In the three minutes before the half in rows and columns, adjusting the table or folding our hands, looking up at the adults turning to the clock sometimes dozing at the half and it flying past, sitting we wait. Only our shoulders and heads are above the lake of time flowing past, looking down we see ourselves sitting submerged, the silver lake moving past, aging them all alike there in that room in three minutes like never before or again.

And imagining to see them all rowed there in those minutes, in all the rooms to the left and the right in Elvet Riverside; in Earth Sciences the same time streaming through the windows with the streaming sunlight, lighting their still backs and on another day the fall of the rain over Maiden Castle accompanying the time before half past nine, and waltzing over the underflowing river to those growing old in Caedmon Hall and all those on Claypath walking and lifting and turning in the morning without exams and not stressed for one week but for most of the weeks of the year and those dying at 9.28 in the morning on a sunny day and in the rain on a prawn boat off Thailand at 15.29 and on this long day 6th of June seventy years ago on the strand of France at 6.30 in the morning when they were washed ashore at twenty, and their friends flying back seventy years later at ninety to cry, and at 2.30 in the middle of the night on Easter Island the stone faces look out to the sea as it withdraws and returns, and with a last ironic baleful look at the invigilators looking sternly back, we may begin.

After exactly an hour and a half, I hear many pages turn behind me, as if they had all come together to make me nervous at 11 in the morning by finishing their first essay timed to the minute and me only halfway through and changing my course right in the middle of it.

And the girl that sat in front of me the last time we were in this room and looked at me in distaste when she found me here still has taken off her jumper and her top is cut sharply especially at the back so I have a purple bra clasp in front of my nose now and her white top constantly rippling is making it difficult to concentrate and then I stay for a few seconds now almost a minute in the middle of my purple patch should I write that joke about sex I ask, do I need to draw added attention to the words ‘they never truly come together’ in this essay about sexual mismatching, do they really want that, well it depends who’s reading it but on balance I mean really they probably don’t.

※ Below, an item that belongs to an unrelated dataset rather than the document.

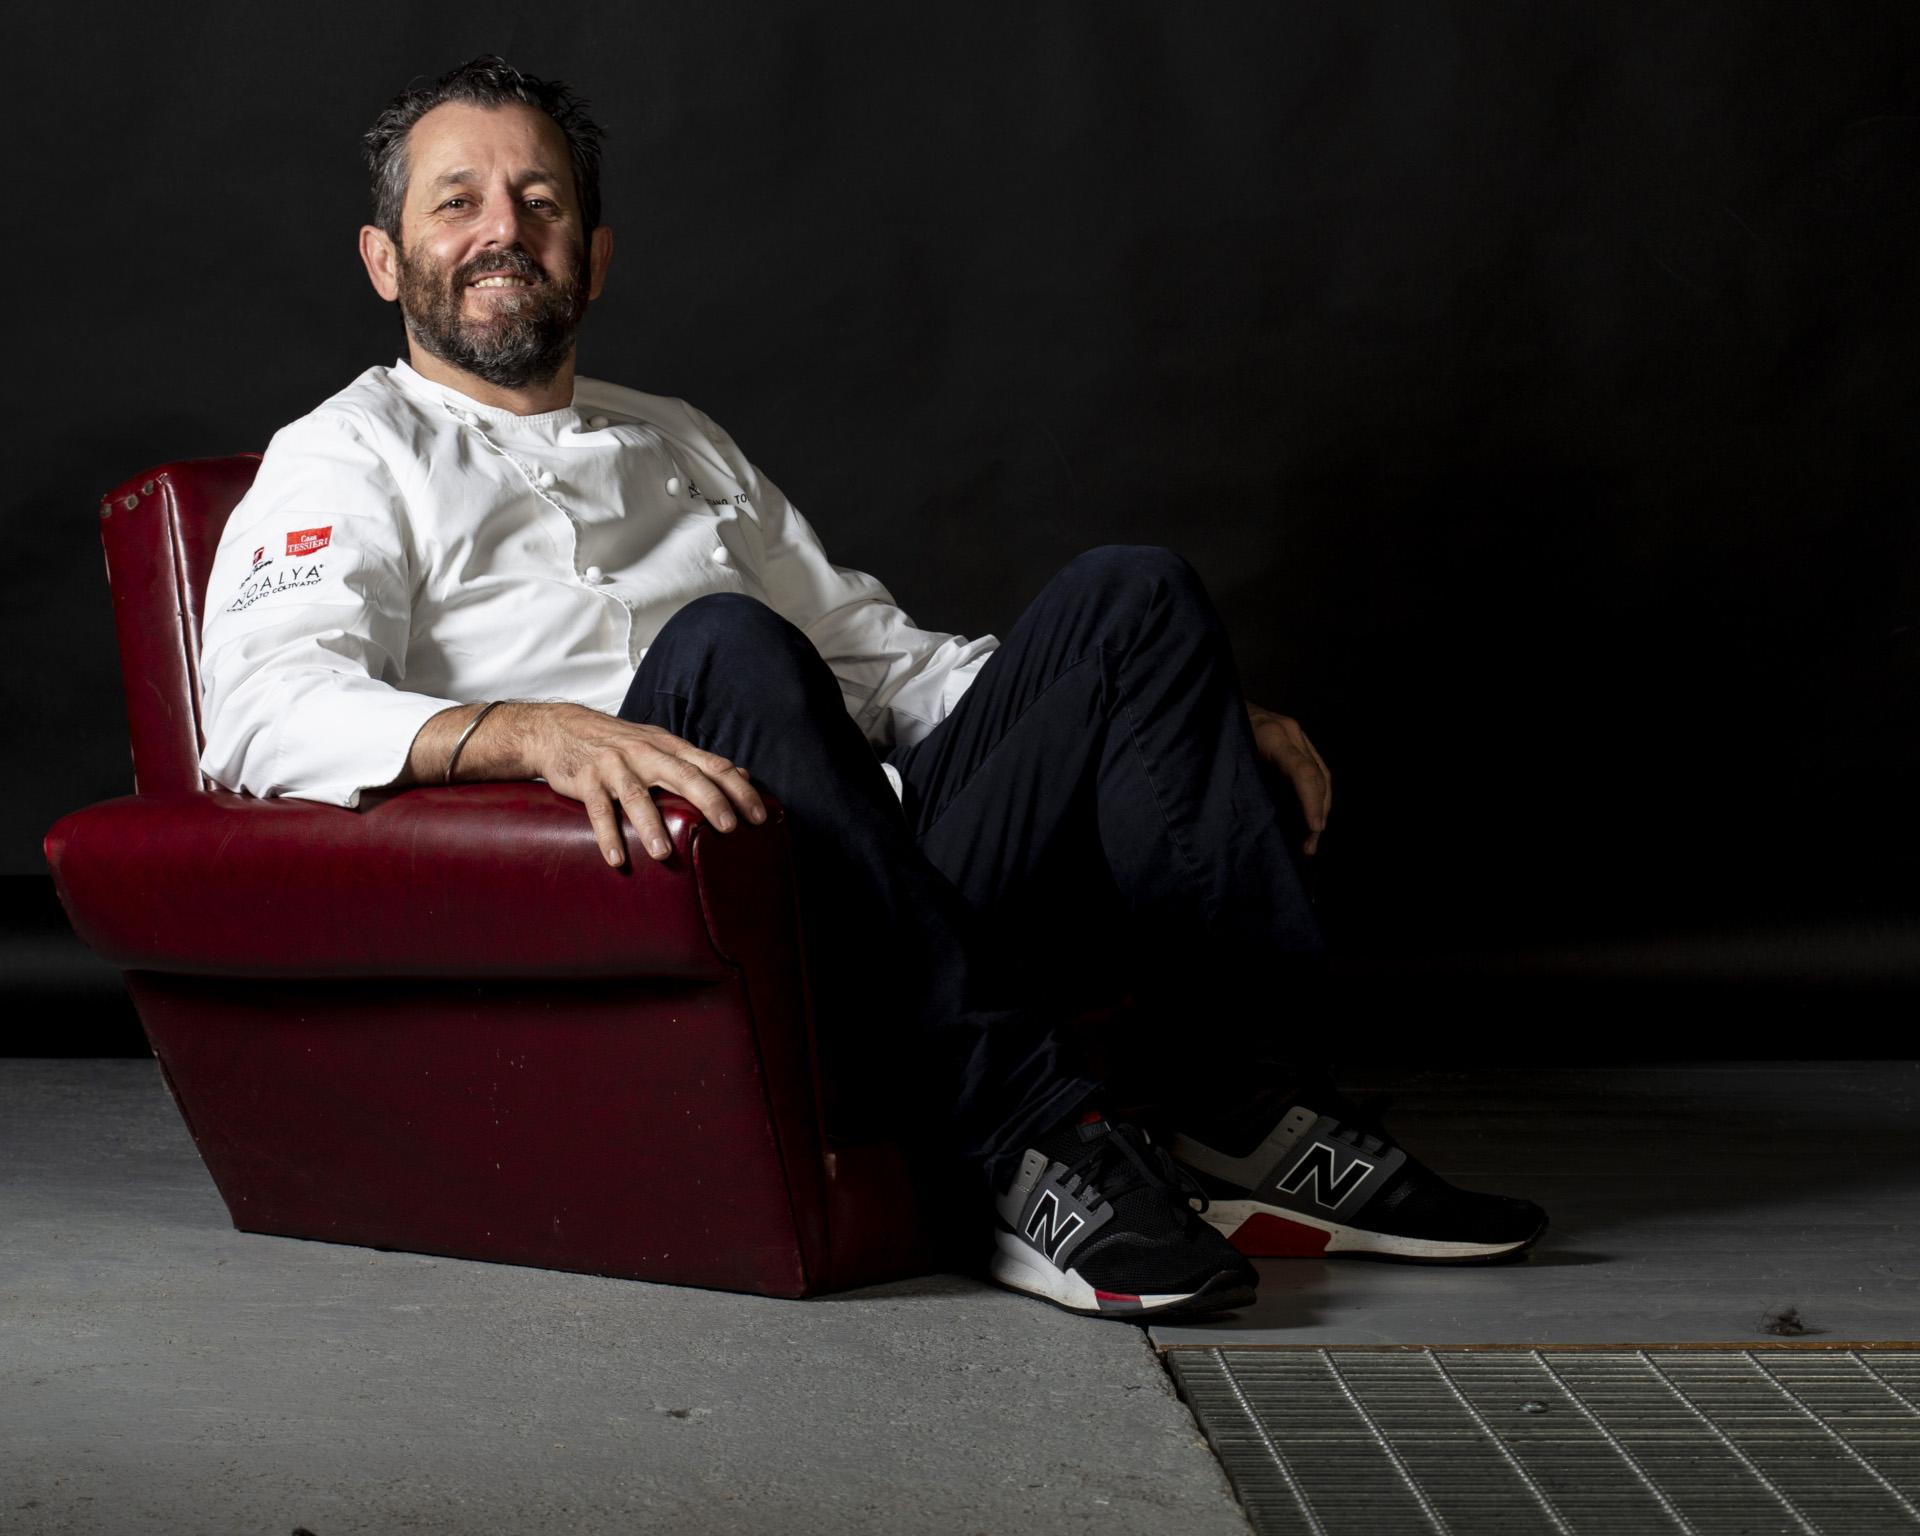 Chef Cristiano Tomei

With fifteen minutes remaining, as the man says the words, the ink stops flowing from my fountain pen and I calmly take up the spare cartridge, put it down calmly to unscrew the nib of the pen, but my fingers too wet with sweat to get a proper grip on the surface panicking now ripping the old cartridge out and the new one not fitting crushing it in, ink all over my hands which I like because it looks like I’ve been busy creating today but the cartridge not fitting and no ink flowing anywhere at all and now the nib being bent in my pain in my hand from the nib, wet with ink and sweat, throwing the red fountain pen aside, picking up my emergency bic, which is much thicker and my letters now overflowing the line boundaries grossly for a few minutes before the half is tolled.